Проханов тогда еще услышал русскую речь, увидел лица деревенских вдов и понял русский характер во всей его достоевской неоднозначности. В том стародавнем споре, когда Шукшин обвинял Проханова в неоправданной и упрямой жестокости героев одного его раннего рассказа, я, безусловно, на стороне Проханова.
Проханов умеет описывать не только свое альтер-эго, но и замечательно создает целые галереи самых разнообразных характеров: как легко различимы десятки лиц в романе «Шестьсот лет после битвы», как хороши нарисованные с чеховской четкостью портреты офицеров во «Дворце».
С «Дворцом» Проханов на всех основаниях попадает и в антологию русской военной прозы, где палит тушинская батарея Толстого, где переживают приступы ужаса герои Гаршина, где воюют свою страшную войну солдаты и офицеры Виктора Астафьева, Юрия Бондарева, Евгения Носова.
Проханов как никто умеет описывать движение, стремительность жизни и смерти, кровавый хаос, раздрай и раздор – любая его военная вещь тому порукой. И он же как никто иной работает со статикой – а кто еще, кроме Проханова, сможет увлекательно описывать человеческий мозг на шести страницах?
К тому же Проханов способен научить не только тому, что получается у него как ни у кого другого, – но даже его ошибки и самоповторы пригодятся в любой литературной мастерской; и все они мне дороги, признаюсь.
Я все так же слежу за выходом каждой новой его книжки, все так же, не дожидаясь, пока новый роман доедет до моего города, заказываю, чтоб мне его доставили срочной почтой. И, едва приходит посылка, как тогда, в юности, я рву упаковку, чтоб скорей увидеть, что там за книжка – как выглядит, какие первые слова в романе. И уже предвкушаю, как отправлюсь с новым крепким томиком в свою черноземную, возле чистой реки деревню, и мое счастье читателя и ученика вновь повторится.
По классике
Олег Лекманов, Михаил Свердлов
Есенин
(М. : CORPUS, 2011)
Каждую новую есенинскую биографию читаешь как детектив: до самого конца не знаешь, убьют главного героя или нет. И если убьют – то кто?
Интрига.
Национальный поэт России, книг о нем написаны сотни, а вот, поди ж ты, ясности для многих так и нет никакой.
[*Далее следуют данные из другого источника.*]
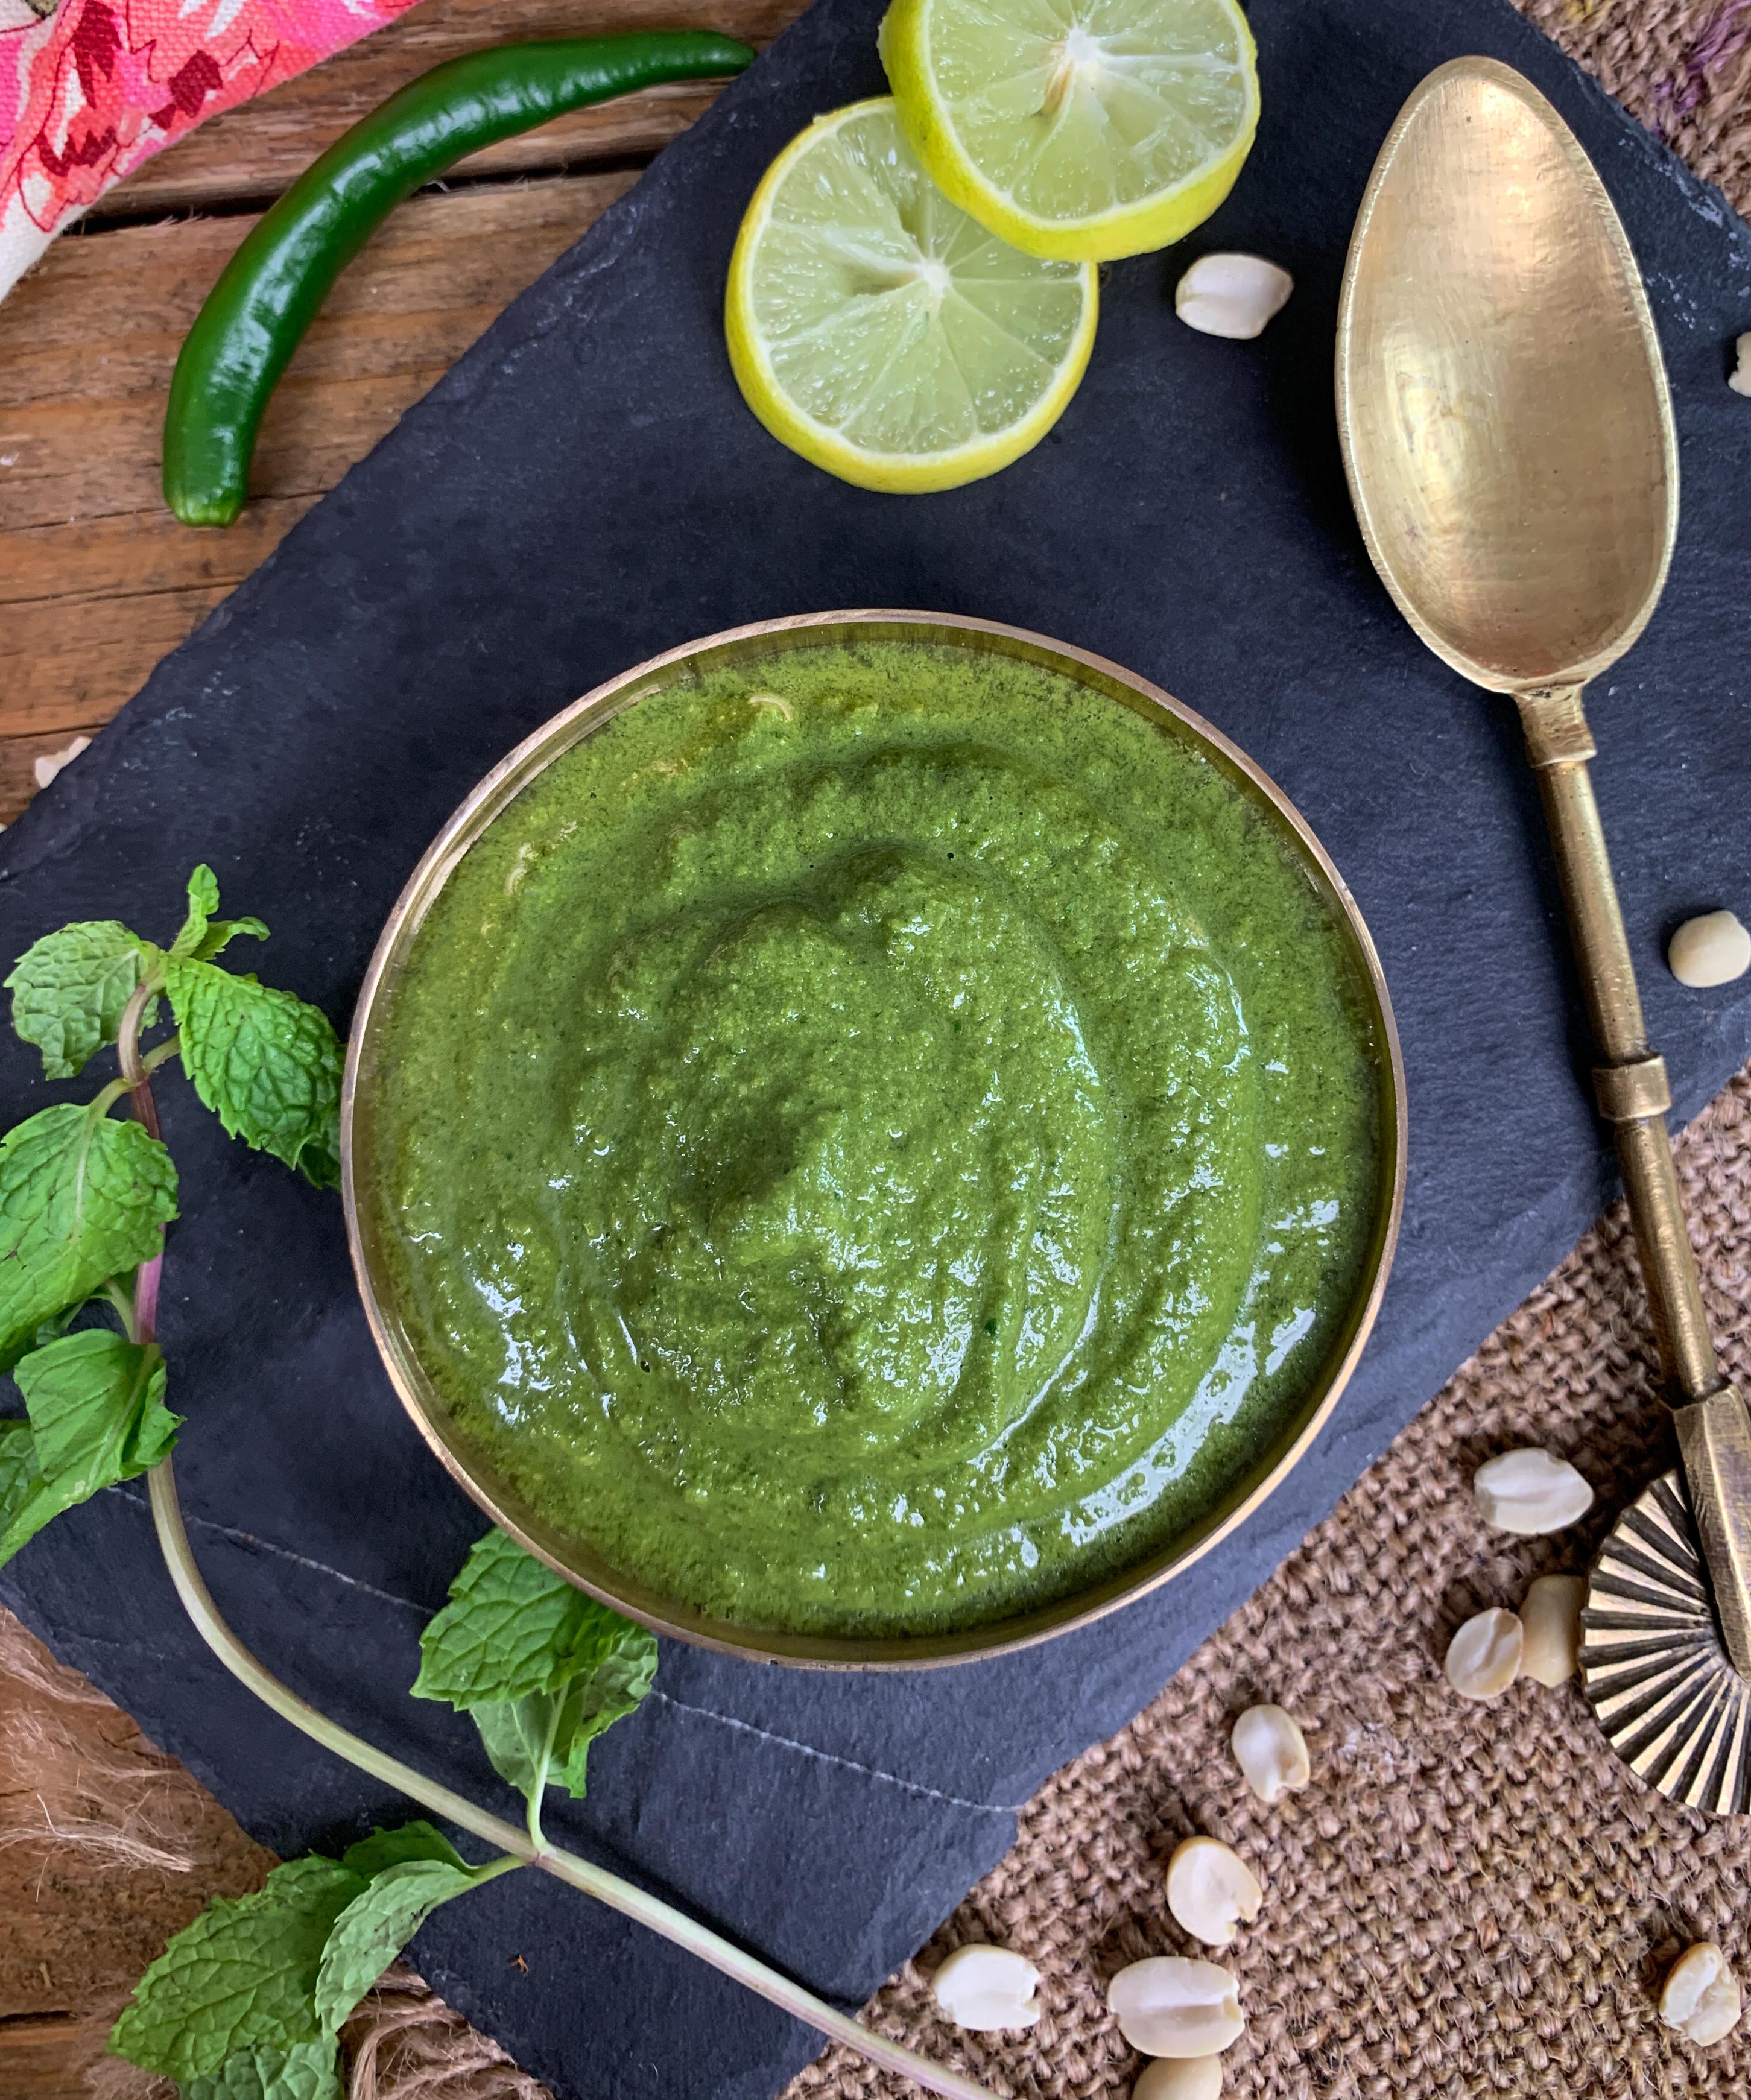 Green Chutney Recipe - Dhania Pudina Chutney by Archana's Kitchen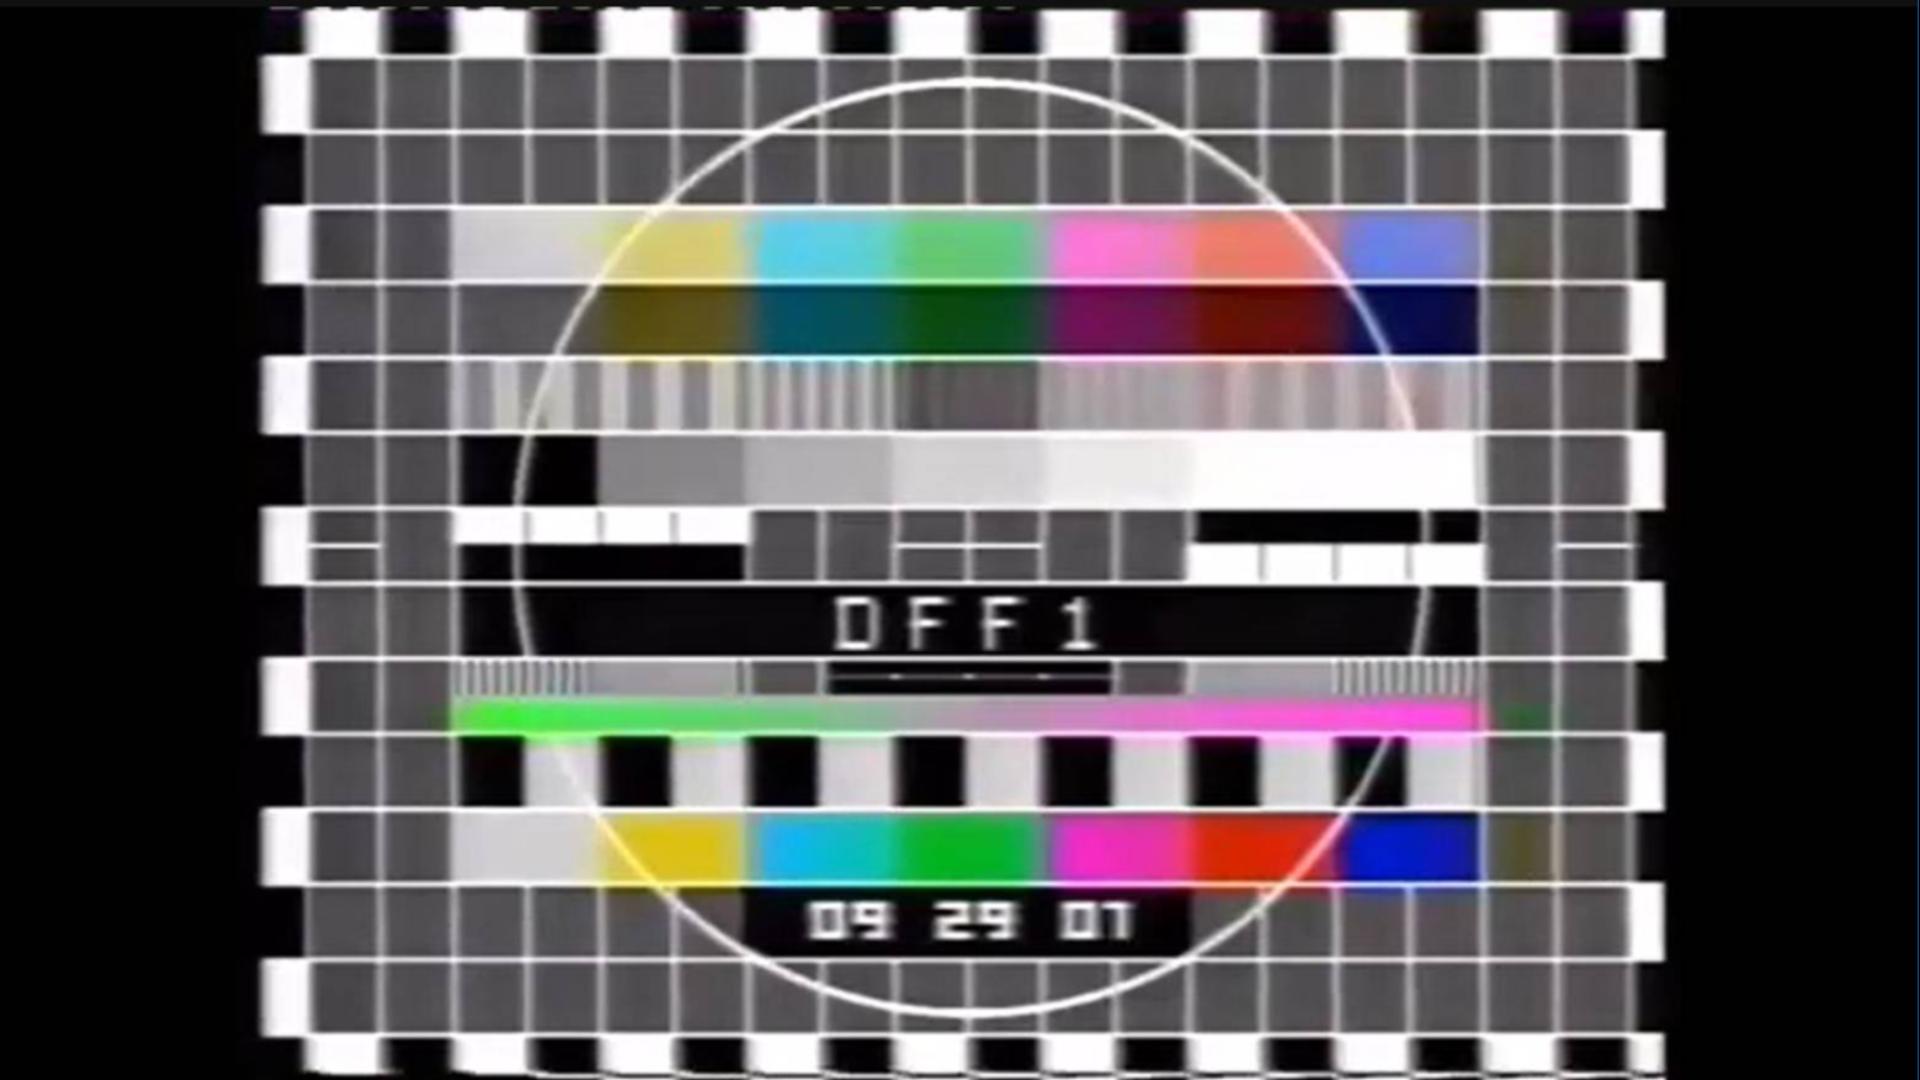 【放送文化】东德电视台第一套节目(DFF1) 测试图&开台 1990.3.23

Одним ужасно хочется, чтоб смерть поэта была насильственной, другие разводят руками и говорят: ну, ребята, давайте без этой звериной убежденности…
Схожая ситуация, кстати, с Шолоховым: вопрос уже не в том, автор он «Тихого Дона» или нет, а в том, что отдельным гражданам до исступления надо, чтоб автором был не он, – и это принципиально.
Сразу скажу, что в этой книге Есенин покончит жизнь самоубийством, причем тянуть до последней главы авторы не будут и на 508 странице (а в книге их 600) прямо намекнут: «…в ночь с 27 на 28 декабря выяснилось, что скука и пустота овладели поэтом окончательно и бесповоротно».
Я Есенина люблю с детства, любую строчку из его стихотворения могу продолжить наизусть и еще сказать, в каком году оно написано, – и, признаться, для меня всегда было загадкой, отчего ж его убили, если – судя по его же собственным стихам и тем более по последнему предсмертному стихотворению – он к этому финалу последовательно шел.
Понимаете, нужно или совсем не любить, или не очень понимать Есенина, чтоб – зная его стихи и мало-мальски биографию – так долго возиться с версией убийства. А как же его «Москва кабацкая», как же его лирика последних лет, его «Цветы мне говорят: прощай, / Головками склоняясь ниже, / Что я уж больше не увижу / Ее лицо и отчий край» – как со всем этим быть? Он что, мог написать эти стихи и еще «Черного человека» – а потом жить-поживать до глубокой старости?
Тогда б это уже не Есенин был, а врун и позер.
А Есенин был позер где угодно, но только не в стихах.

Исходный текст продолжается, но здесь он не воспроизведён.